Die Lösung von US5706345 beruht auf einem großzügig ausgeführten Kopfbügel, an dessen einem Ende eine Vorrichtung angebracht ist, die das Mobiltelefon aufnimmt, das andere Ende ist mit einem gepolsterten Gegenstück versehen. Dadurch lässt sich das Mobiltelefon stabil und bequem am Kopf fixieren. Da der Kopfbügel eine vom Mobiltelefon getrennte Einheit darstellt und viel Platz einnimmt, ist der Einsatz unterwegs stark eingeschränkt. Die Umrüstung des Mobiltelefons für den freihändigen Gebrauch während eines Gesprächs ist umständlich. Wenn der Kopfbügel andererseits bereits vor dem Gespräch angebracht wird, behindert er beim Wählen sowohl die Sicht auf Display und Ziffernblock als auch den Zugang zu den Tasten. Einen weiteren Nachteil stellt die dauerhafte Festlegung auf den Gebrauch des Mobiltelefons entweder am rechten oder am linken Ohr, je nach Ausführung des Kopfbügels, dar. Dadurch wird der Gebrauch eines Exemplars durch verschiedene Anwender mit unterschiedlichen Seitenpräferenzen behindert.

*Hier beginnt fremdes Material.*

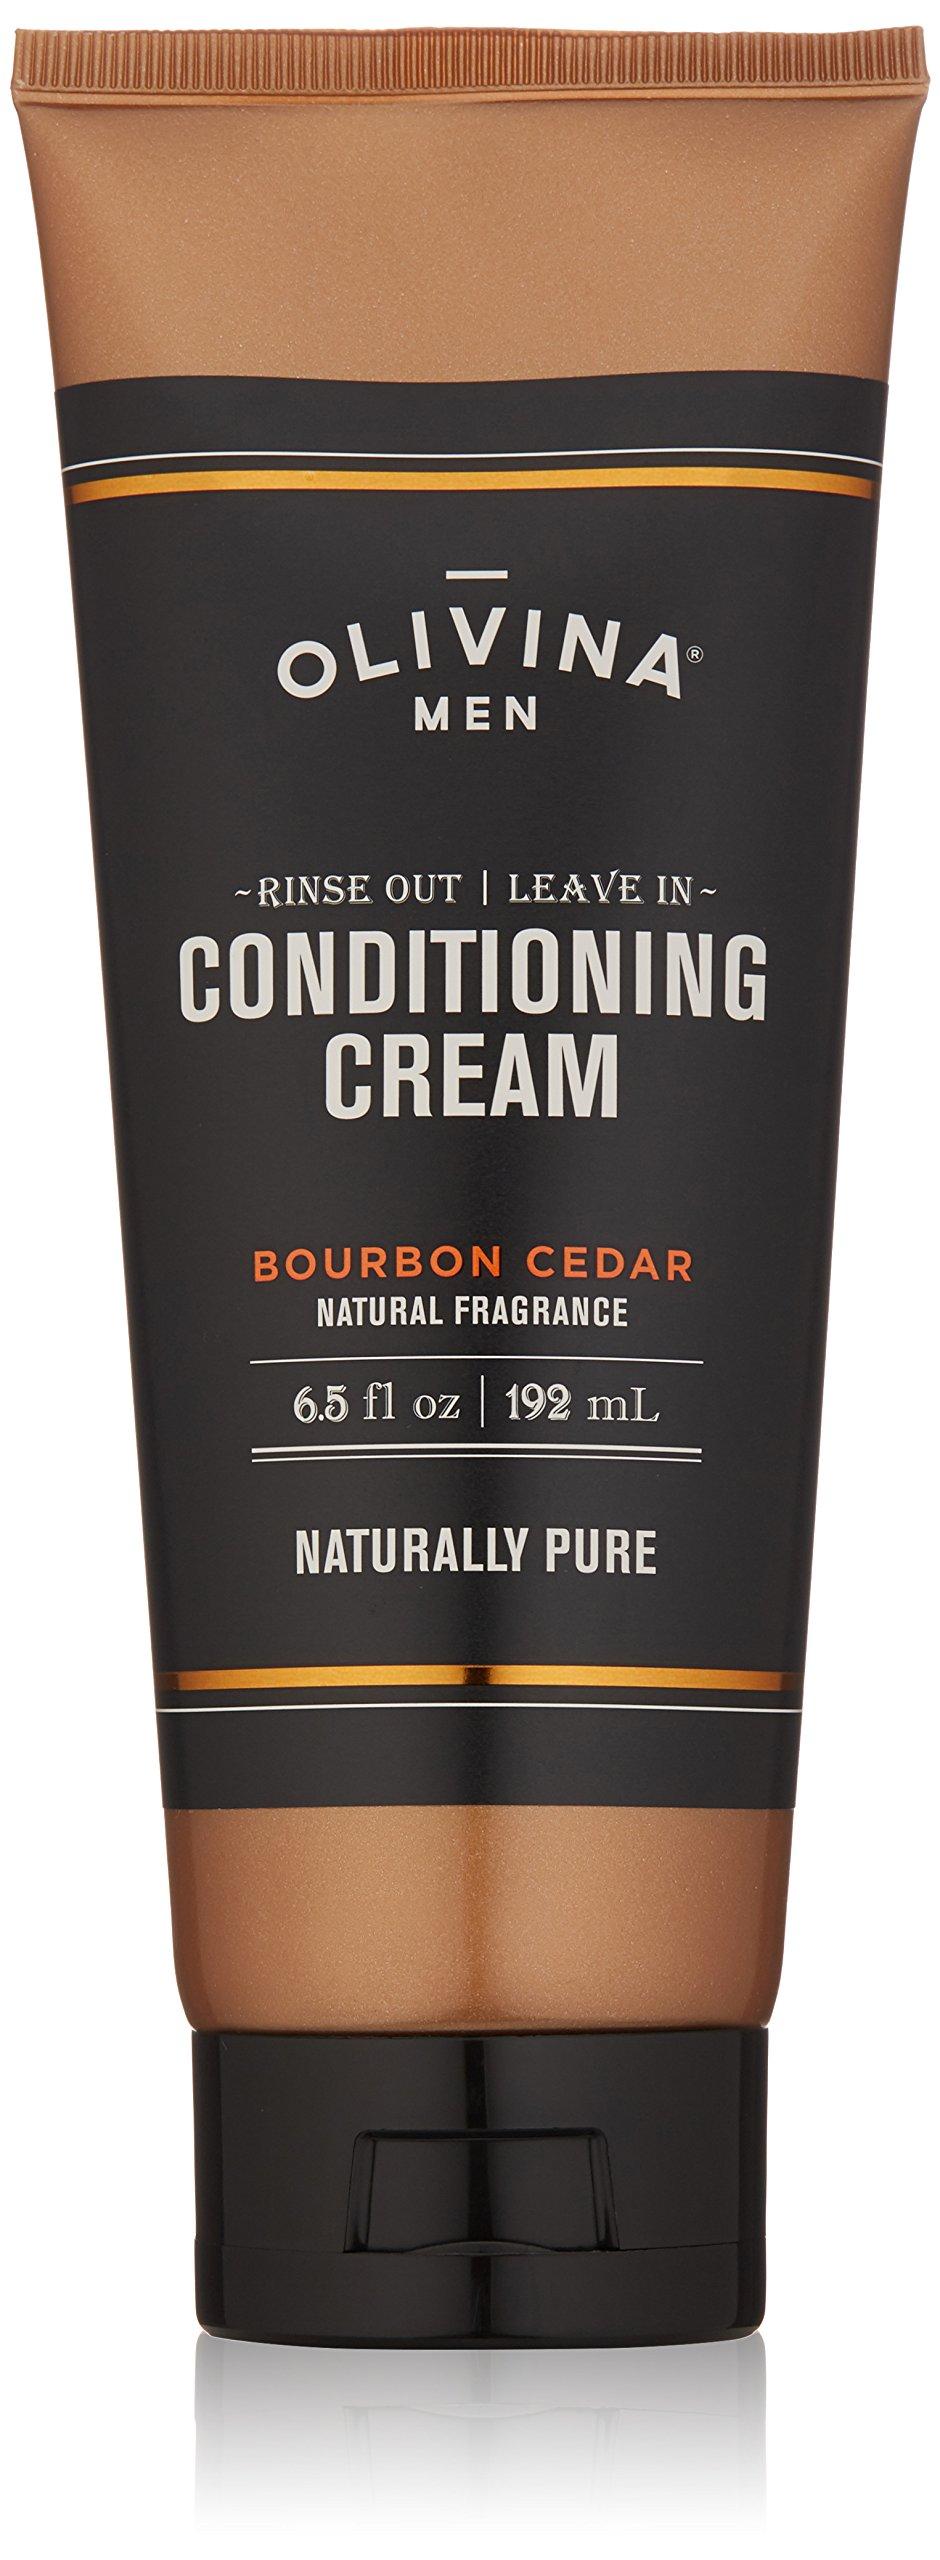 Olivina Men Rinse Out/Leave In Conditioning Cream, Bourbon Cedar, 6.5 fl. oz.

Eine verbesserte Lösung stellt WO9737480 vor. Bei diesem Patent ist der Kopfbügel fest mit dem Gehäuse des Mobiltelefons verbunden. Die Abmessungen, die die Gehäuse-Bügel-Kombination bei der Benutzung erreicht, werden nach dem Gebrauch durch Zusammenklappen des Bügels um eine Achse in seiner Mitte deutlich reduziert. Auch lässt sich die Konstruktion mit Hilfe eines positionierbaren Mikrofons unabhängig von der Seitenpräferenz des Anwenders verwenden. Trotzdem ragt der Bügel auch im eingeklappten Zustand noch mit seiner halben Länge aus dem Gehäuse hervor - ein Nachteil, den der Verbraucher, dem immer kleinere Mobiltelefone angeboten werden, nur schwer akzeptieren kann.

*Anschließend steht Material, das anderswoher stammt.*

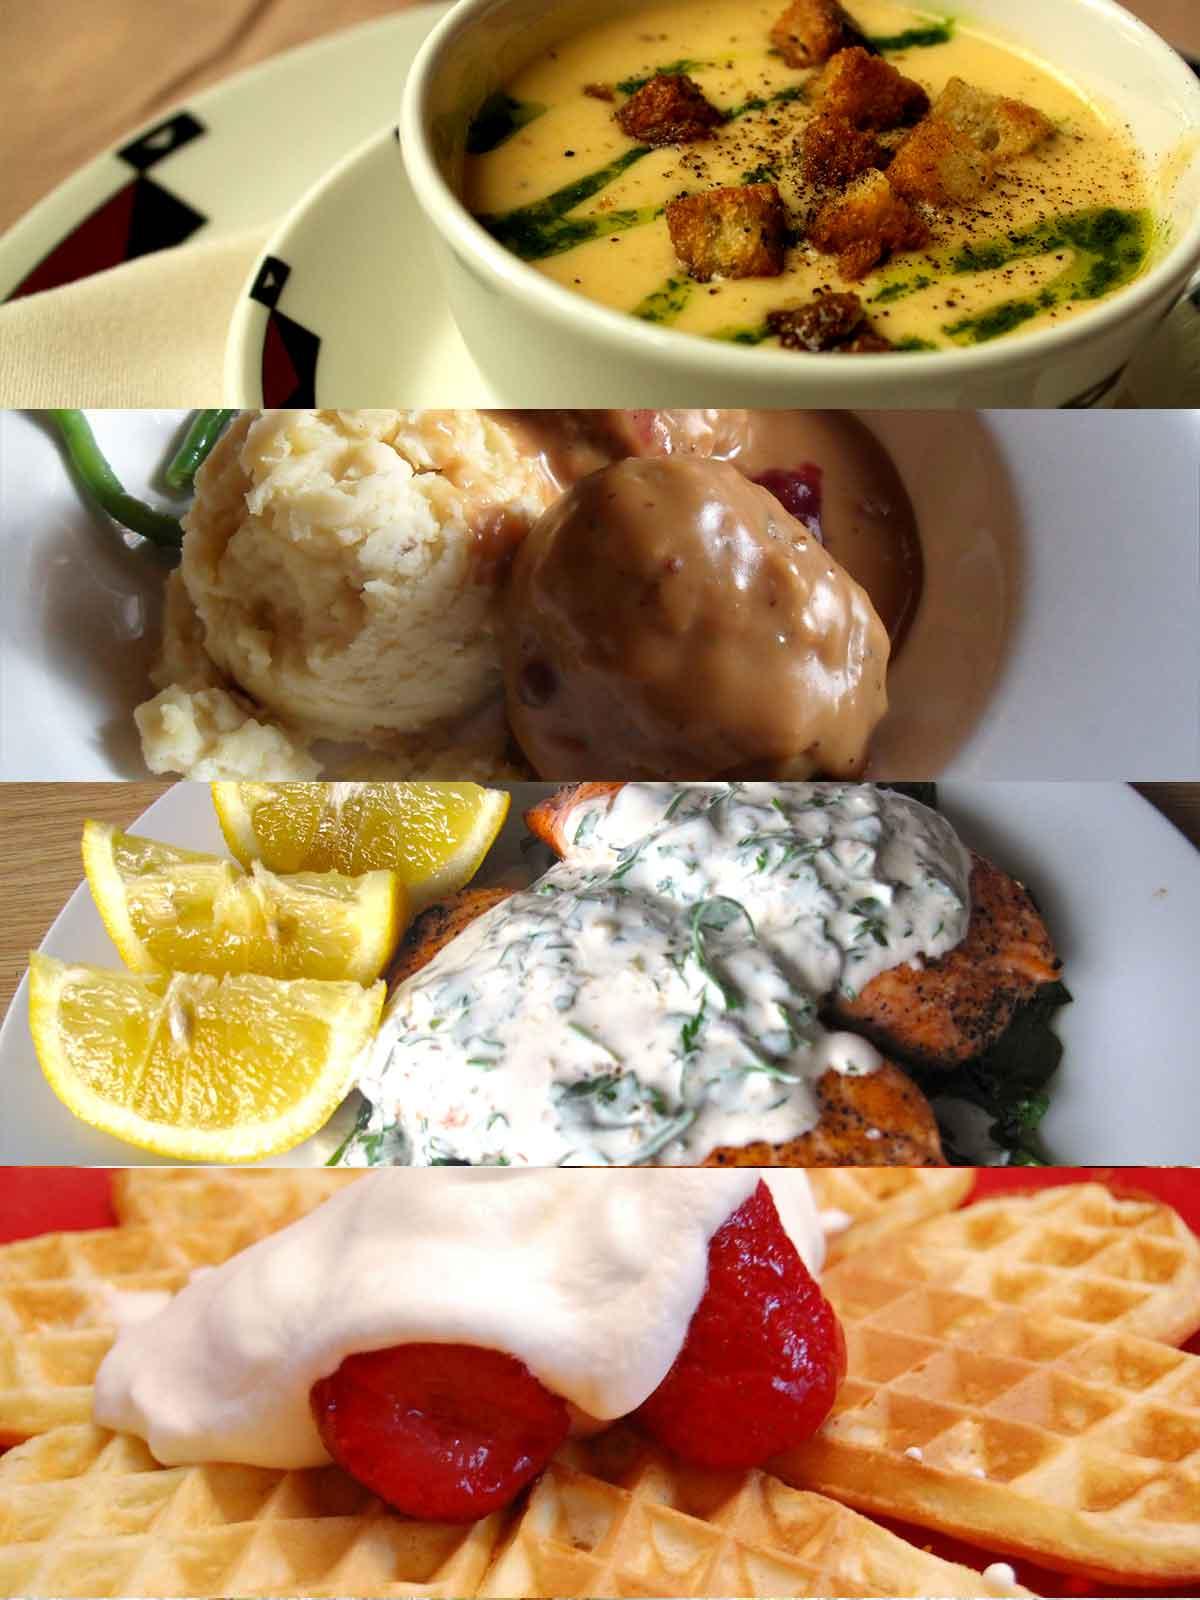 Collage of various Norwegian foods

Das Patent WO0052910 ahmt durch ein aufrollbares Band, dessen eines Ende am Mobiltelefon befestigt ist und das über den Kopf gelegt wird, einen Kopfbügel nach. Das dem Mobiitelefon gegenüberliegende Ende wird mit einer Schlaufe am Ohr befestigt. Abgesehen davon, dass die entsprechende Schlaufe keine feste Verankerung des Bandes gewährleistet, lässt sich mit dem Band auch keine ausreichende Fixie-
rung des Mobiltelefons am Ohr erreichen, da ein ausreichender Druck gegen das Ohr, wie ihn etwa ein Kopfbügel auszuüben vermag, von einem Band, dass sich auf engem Raum zusammenrollen lässt, kaum aufgebracht werden kann. Deswegen ist eine uneingeschränkte Bewegungsfreiheit des Verwenders nicht gewährleistet; insbesondere beim Drehen oder Neigen des Kopfes ist die Fixierung nicht stabil. Die verwendete Ohrschlaufe stellt außerdem ein ästhetisches Problem dar, das insbesondere bei der Nutzung eines Mobiltelefons in der Öffentlichkeit stark ins Gewicht fällt.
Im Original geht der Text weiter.